The general idea is not new but still interesting. I have some concerns regarging the specifity of primers, I mentioned that in my comments in pdf file. Were the samples amplified in replications? Did you take enough safety prcedures to separate the positive and negative controls? There is no information if the obtained sequences from own study were deposited in any public database like GenBank? It is common practise nowdays. 

Comments for author File: Comments.pdf

The manuscript is quite well written but needs linguistic revision. Some sentences are not clear or too long and too complicated. It should be corrected by native speaker.

Author Response

Dear reviewer，

We are very grateful to your comments for the manuscript. According with your advice, we tried our best to amend the relevant part and made some changes in the manuscript. These changes will not influence the content and framework of the paper. All of your questions were answered below.

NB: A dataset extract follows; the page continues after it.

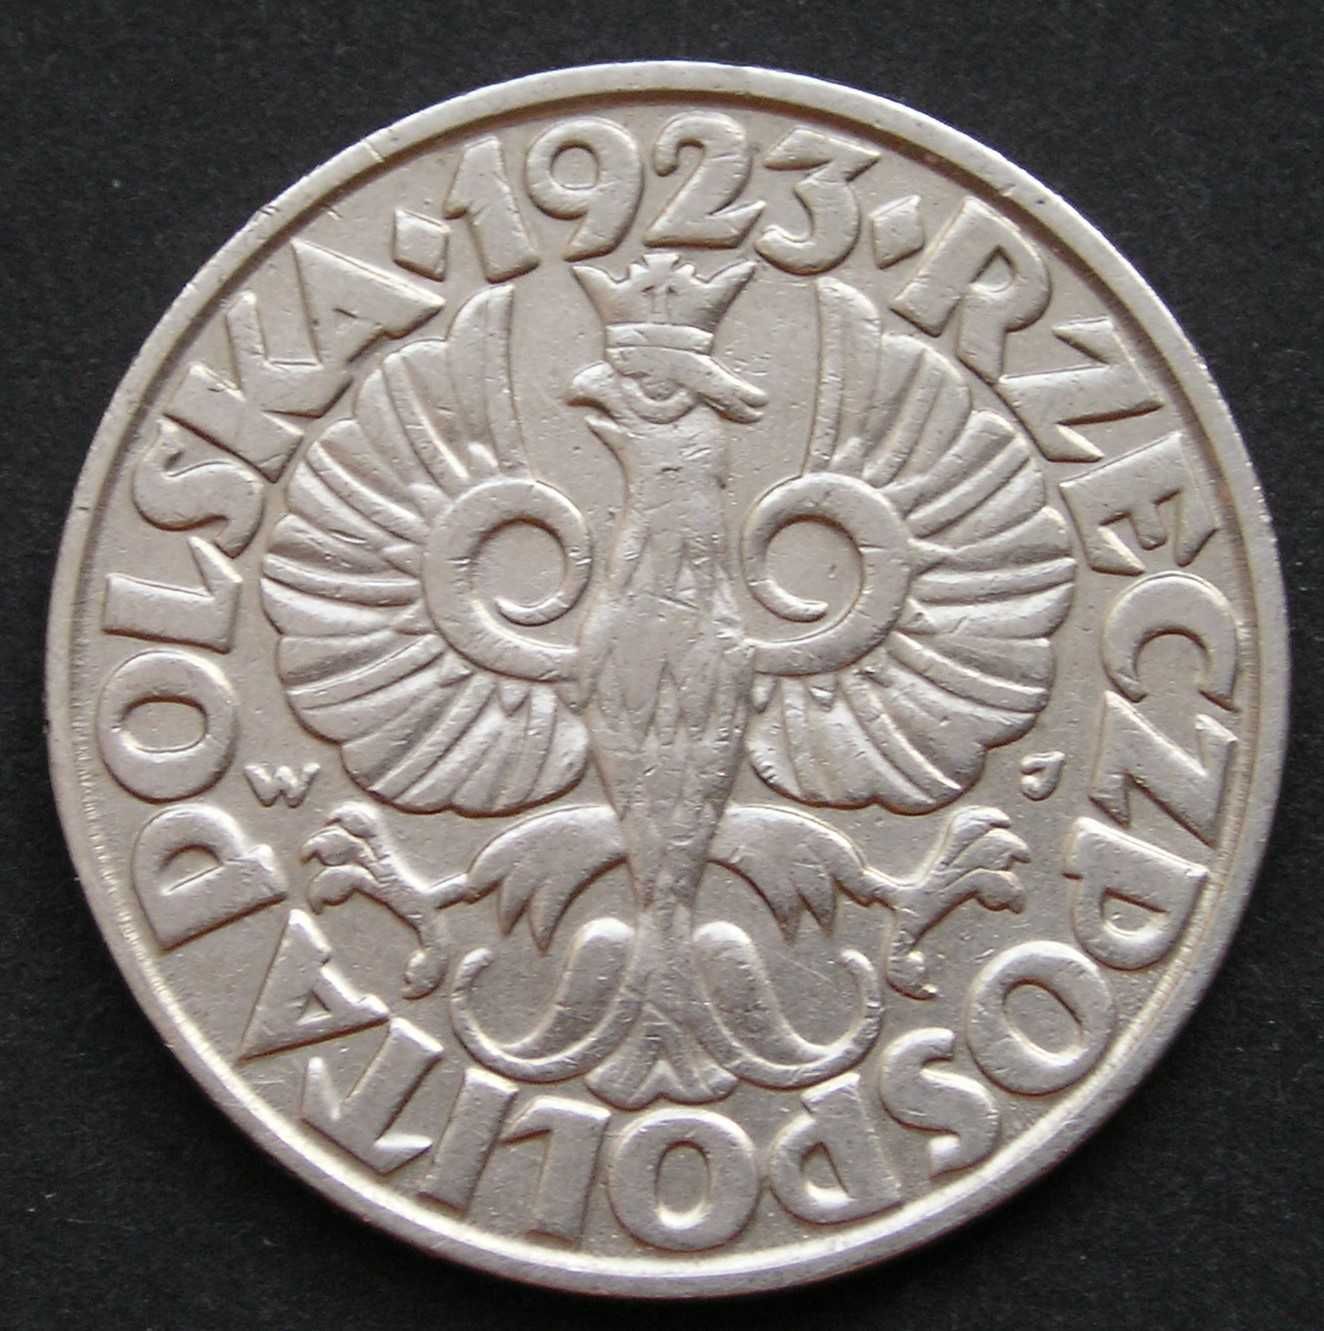 Polska 50 groszy 1923
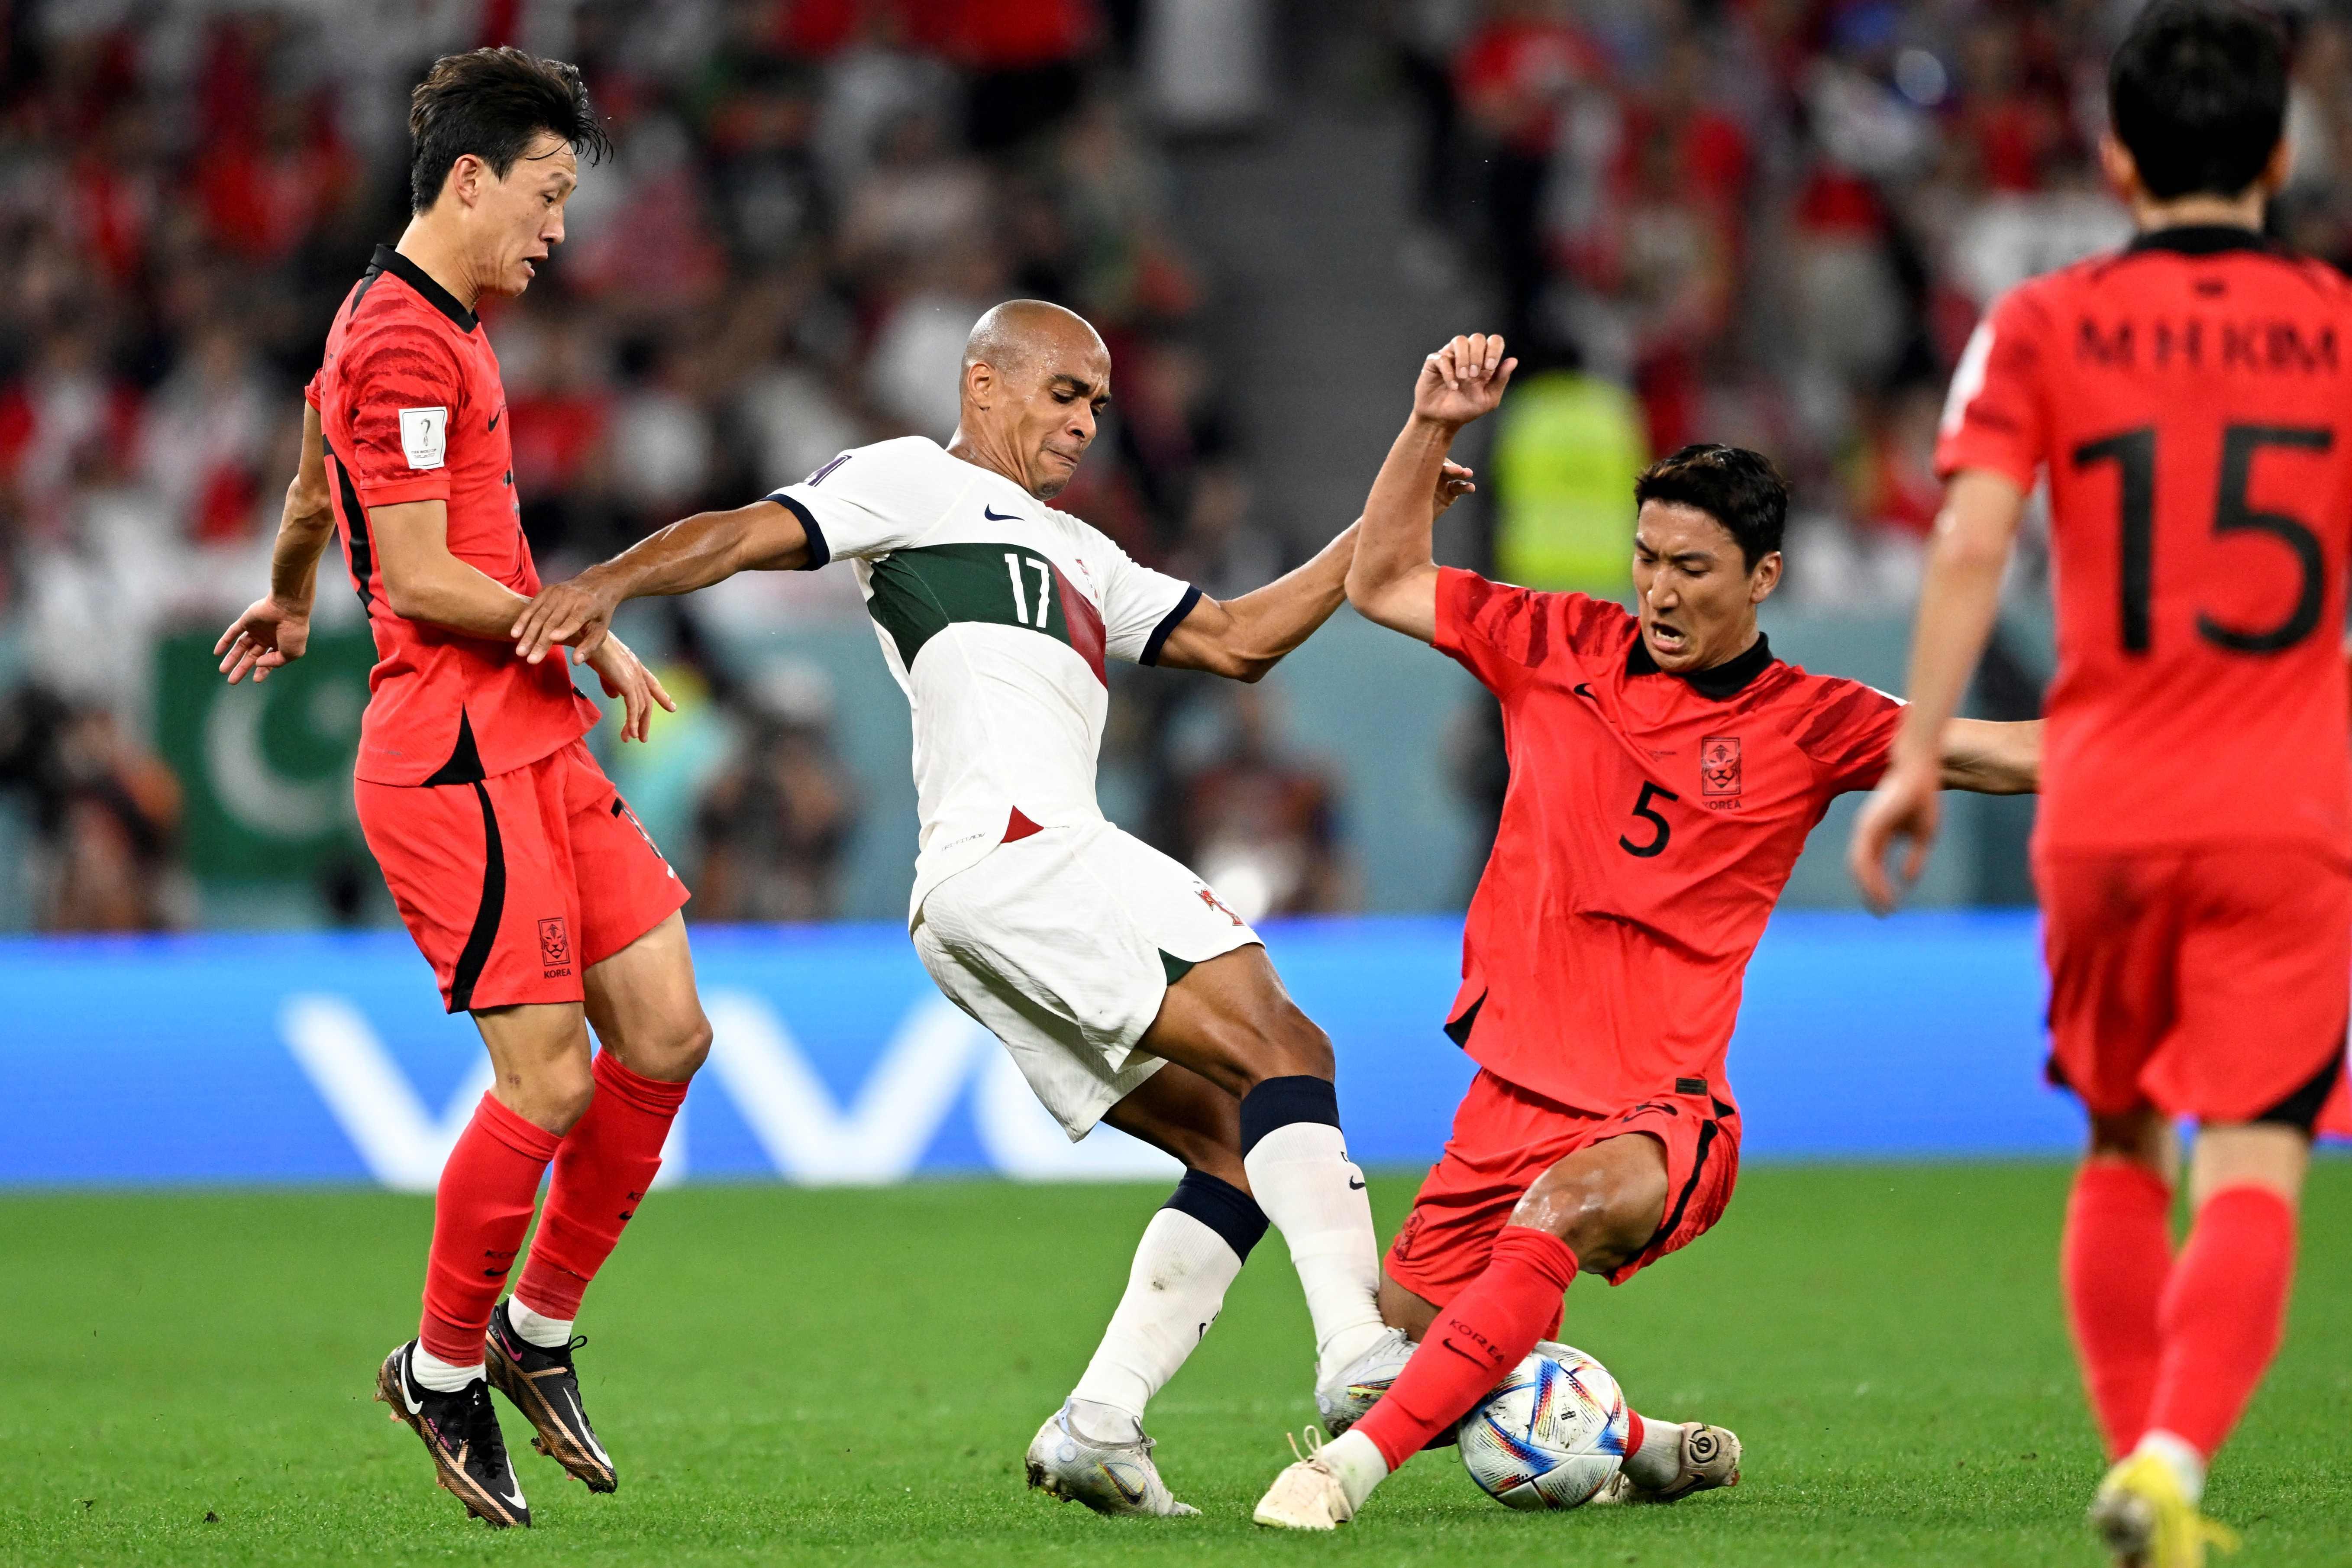 Güney Kore uzatmada attı, son 16 biletini kaptı Güney Kore - Portekiz maç sonucu: 2-1 (Dünya Kupası Maç Özeti)

Please see the attachment.

Yours Sincerely.

Qingqing Hu

China Jiliang University

Author Response File: Author Response.docx

Round 2

Reviewer 2 Report

A had two major issues regarding the original version of the MS - limitation of mtDNA markers to detect caviar of hybrid origin and case of irroneous A. gueldenstaedtii mitogenome labelled as a A. sinensis by Genbank record. I am satisfied with changes authors made in the revised version. The main result of the presented study - the caviar on the chinease market can be successfully tested and iilgal labelling can be detected.